Doch Franka beschäftigt vielmehr die Tatsache, dass mysteriöse Vorkommnisse stattfinden. Menschen verschwinden: Was hat der Elektrozaun zu bedeuten? Wissen die anderen Bewöhner*innen mehr als sie? Mit detektivischem Gespür will sie den Mysterien auf den Grund gehen. Vor allem die abgesperrte Ruinenlandschaft am Waldrand gibt ihr Rätsel auf. Was hat der Elektrozaun um Haus Eulenruh zu bedeuten? Warum werden die Bewohner*innen während des Stromausfalls so nervös? Was verbirgt sich hinter dem sogenannten Unland? Als schließlich Matthias und Ricardo einer Straftat bezichtigt werden, die sie nicht begangen haben, wächst die Gemeinschaft zusammen und geht dem Rätsel auf die Spur.
Kritik
Der Jugendroman Unland. Lasst die Schatten frei erschien bereits 2009 und erhielt ein Jahr später den ver.di Literaturpreis. Der Roman gilt als vergriffen und ist unlängst vom Ulrike Helmer Verlag neu aufgelegt worden. Autorin Antje Wagner hat den Text aktualisiert und an die heutige Zeit angepasst. Die Wiederentdeckung des Romans ist aus mehrerlei Gründen lohnenswert. Von Beginn an hält die Autorin die Spannung sehr hoch: Die junge Franka zieht in ein betreutes Wohnheim. In dieser geographischen Abgeschiedenheit lernt sie weitere Jugendliche kennen. Ausschließlich aus der Perspektive der Ich-Erzählerin Franka werden die Leser*innen die gar nicht so heile Welt Eulenruhs eingeführt. Auch bietet diese Perspektive einen gewissen Grad an Unzuverlässigkeit, da rasch klar wird, dass mit dem mysteriösen Unland etwas nicht stimmt. Und warum sind die anderen Jugendlichen Lizzi, Ann, Matthias und Ricardo hier? Welche tragische Vergangenheit haben sie hinter sich?

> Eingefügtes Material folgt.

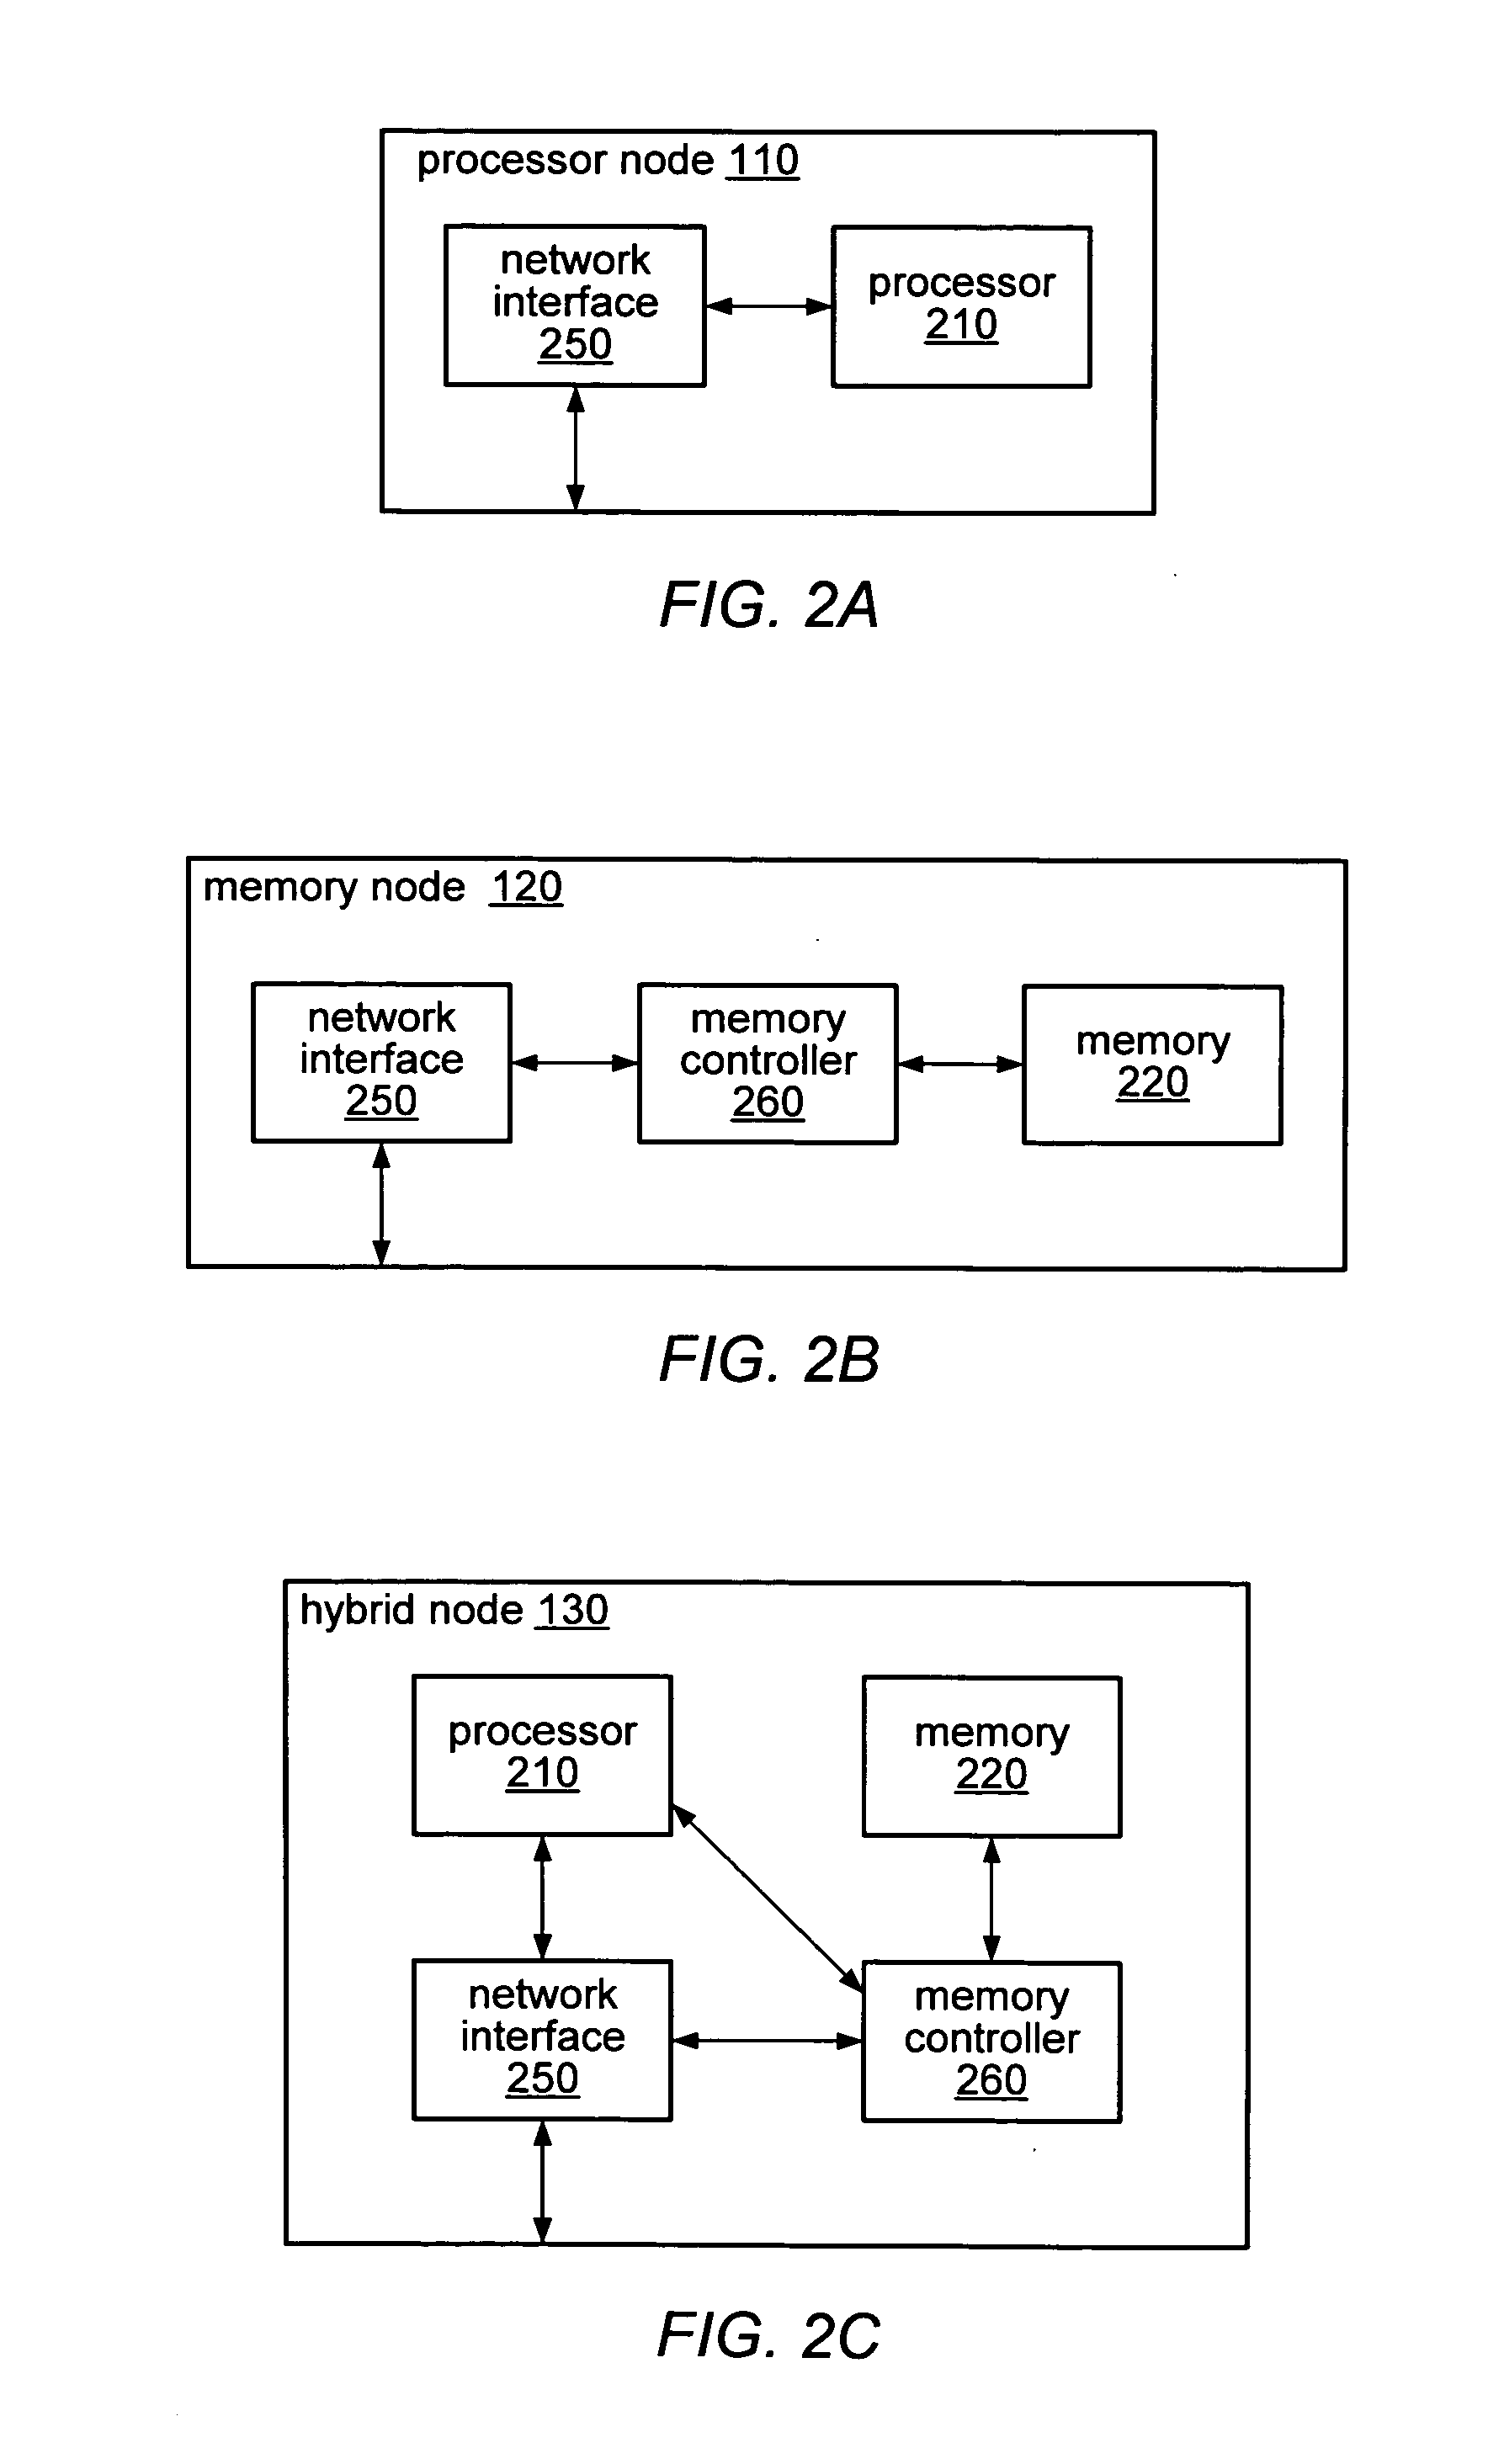 Proximity-based memory allocation in a distributed memory system

Kundige Leser*innen der Jugendromane von Antje Wagner ahnen, dass es sich um eine Außenseiter*innen-Geschichte handelt. Mit viel Empathie zeichnet der Text sehr individuelle Figuren, die gemeinsam nicht nur ein mysteriöses Abenteuer erleben, sondern die sich auch in der Gesellschaft behaupten müssen. So werden sie wegen ihres Andersseins vor allem in der Schule mit Vorurteilen und Beschimpfungen seitens der Mitschüler*innen und sogar seitens Lehrer Kolb konfrontiert. Der Ort Schule wird dabei weder verteufelt noch beschönigt. An manchen Stellen gibt es überdies blitzlichtartige Einblicke in die Vergangenheit der Jugendlichen, die von ihren Eltern teils massiv misshandelt worden sind. Neben der mysteriösen Handlungsebene bietet der Jugendthriller auf einer weiteren Ebene auch viel Gesellschaftskritik, indem Genderrollen, Anderssein sowie der Umgang mit Vorurteilen verhandelt werden. Der Roman ist eine Absage an das sogenannte „Normale“ und eine Bejahung des Verschiedenseins, also von Diversität. Besonders anschaulich wird dies etwa in der Metaphorik eines Waldes. Als Franka sich die verschiedenen Bäume im Wald anschaut, hält sie fest: „Ich nickte und in diesem Moment fiel mir plötzlich die Ähnlichkeit auf. Die Ähnlichkeit mit uns im Eulenhaus. Wir waren alle total verschieden.“ (S. 178)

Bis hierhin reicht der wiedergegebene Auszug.